Yükseköğretim Kurumları Sınavı (YKS) sonuçlandı. Sınava giren 2 milyon 819 bin 362 kişinin kaderini etkileyecek sınavın yerleştirme sonuçları 13 Ağustos günü açıklandı. 2023’te sınava katılanların yüzde 65’i yani 1 milyon 880 bin 697 kişi tercih yapmıştı. Bu yıl bu oran yüzde 60’a düştü ve tercih yapanların sayısı 1 milyon 670 bin 205 oldu. Devlet üniversiteleri yüzde 97 doluluk oranına ulaşırken boş kontenjan sayısı ise 7 bin 452 oldu. Vakıf üniversitelerinde bu rakam 15 bin oldu. Kontenjanların boş kalmasının ise en önemli nedeni ise 2021 yılında kaldırılan baraj puanı sistemi oldu. Hatta baraj kalkınca eksi net ile üniversitelere kayıt yaptırma hakkı kazananlar bile oldu.
Her geçen yıl artıyor
Psikolog ve eğitim uzmanı Salim Ünsal’a göre eksi net ile yerleşebilme sistemin en büyük sorunu:
Sınavda sıfır, hatta ekside başarının nasıl bir geçerliliği olabilir? Bizi bu noktaya getiren şey barajın kaldırılması. Bu yıl tahminen 100-120 arası bölüme eksi netle giriş yapılacağını düşünüyorum. 2022’de 83, 2023’te 106 bölüme eksi netle yerleşildi. Sistemin en büyük arızası bu.

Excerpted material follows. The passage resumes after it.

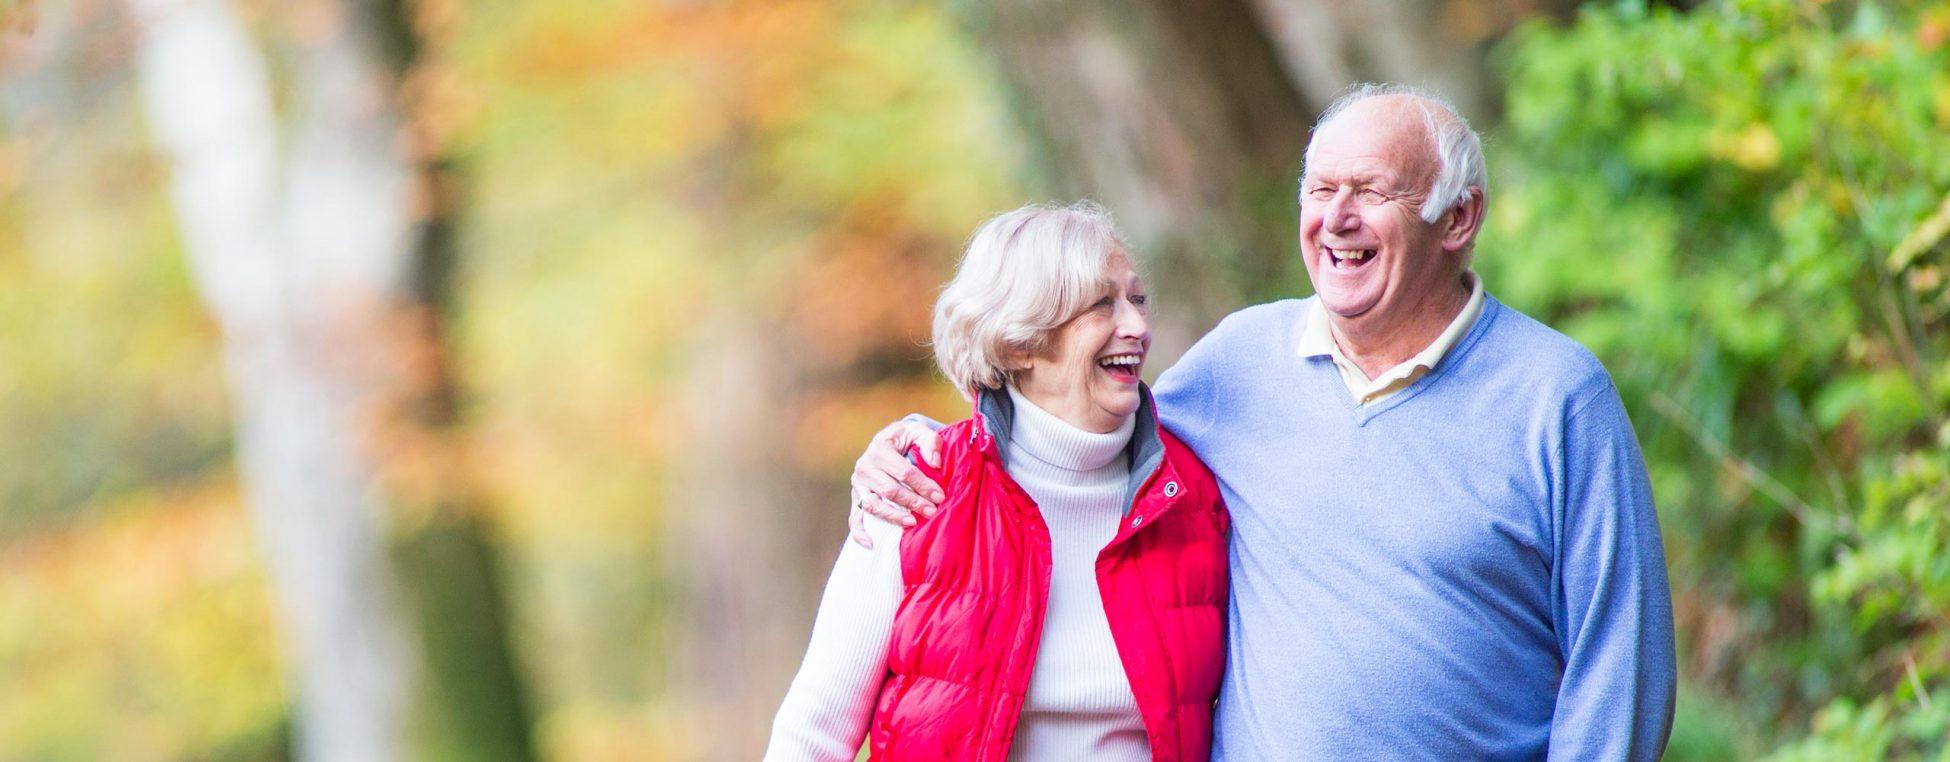 Vorsorge Osteoporose - Älteres Paar im Wald

Salim Ünsal sistemdeki çarpıklığı ehliyet sınavı üzerinden şöyle açıklıyor:
Ehliyet sınavındaki süreçleri bir düşünün, kalkış yaparsınız, trafik ışıklarında durursunuz, park edersiniz ve bunları uygulamadaki performansınız ışığında size ehliyet verilir. Eksi ya da sıfır net alan birinin bir programa yerleşmesine izin vermek, ehliyet sınavına girip kontağı çevirene ehliyet vermekle aynı şey
22 netten eksi nete
Ünsal baraj konusunun acilen tekrar dikkate alınması gerektiğini söylüyor:
Şu an puan hesaplanması için tek şart Türkçe ya da matematikte yarım nete ulaşmak. Peki bu nasıl bir tablo ortaya koyuyor? Şöyle örnek vereyim: TYT’de Türkçe bölümünde 1 doğru 2 yanlışınız var. Sosyal bilimler, matematik ve fen bilimlerindeki toplam 80 sorunun 80’ini de yanlış yapmış olun. 120 soruluk sınavda 1 doğru, 82 yanlış, 37 boşla yaklaşık 110 sınav puanı alıp tercih yapabiliyorsunuz. Eksi ya da sıfır net alan kişinin hiçbir şekilde puanının hesaplanmaması gerekiyor. Eğer hala 180 puan barajı olsaydı lisans programı kazanmak isteyen bir adayın en az 22 net yapması gerekirdi ve bundan az neti olan lisans programlarına yerleşemezdi.
Psikoloji dikkat çekiyor
Salim Ünsal eşit ağırlık alanında eksi netle girilen bölümlerden en çok göze çarpanının psikoloji olduğunu; bu bölümü ekonomi ve finansın izlediğini söyleyerek rakamlarla şöyle açıklıyor:
10 bin 683 genel kontenjana sahip bölüme en yüksek sıralamadan giren öğrenci 414. olmuş. Taban sıralamasında bulunan öğrenci ise 1 milyon 682 bin 544. sırada. Psikolojiyi ortaöğretim başarı puanının (OBP) eklenmesi sayesinde 177 puanla kazanmış. Ekonomi ve finans bölümünde de benzer bir durum söz konusu. Bölümün tavan sıralaması 3 bin 352’yken en son yerleşen öğrenci 1 milyon 683 bin 274. ve 176 puan alarak yerleşebilmiş.179 puan alan 1 milyon 674 bin 881’inci öğrenci iktisat okumaya hak kazanmış. 170 puanla 1 milyon 696 bin 960’ıncı olan da işletmeye yerleşmiş.
“Eğer baraj uygulansaydı nasıl bir tablo ortaya çıkardı?” sorusuna Ünsal şu cevabı veriyor:
Ortaöğretim Başarı Puan’ları şimdilik net olarak bilemediğimiz için kesin konuşmak güç fakat şunu söyleyebilirim. Şayet baraj olsaydı devlet üniversitelerindeki boş kontenjan sayısı 60 bin ila 80 bin arasında bir yerde olurdu.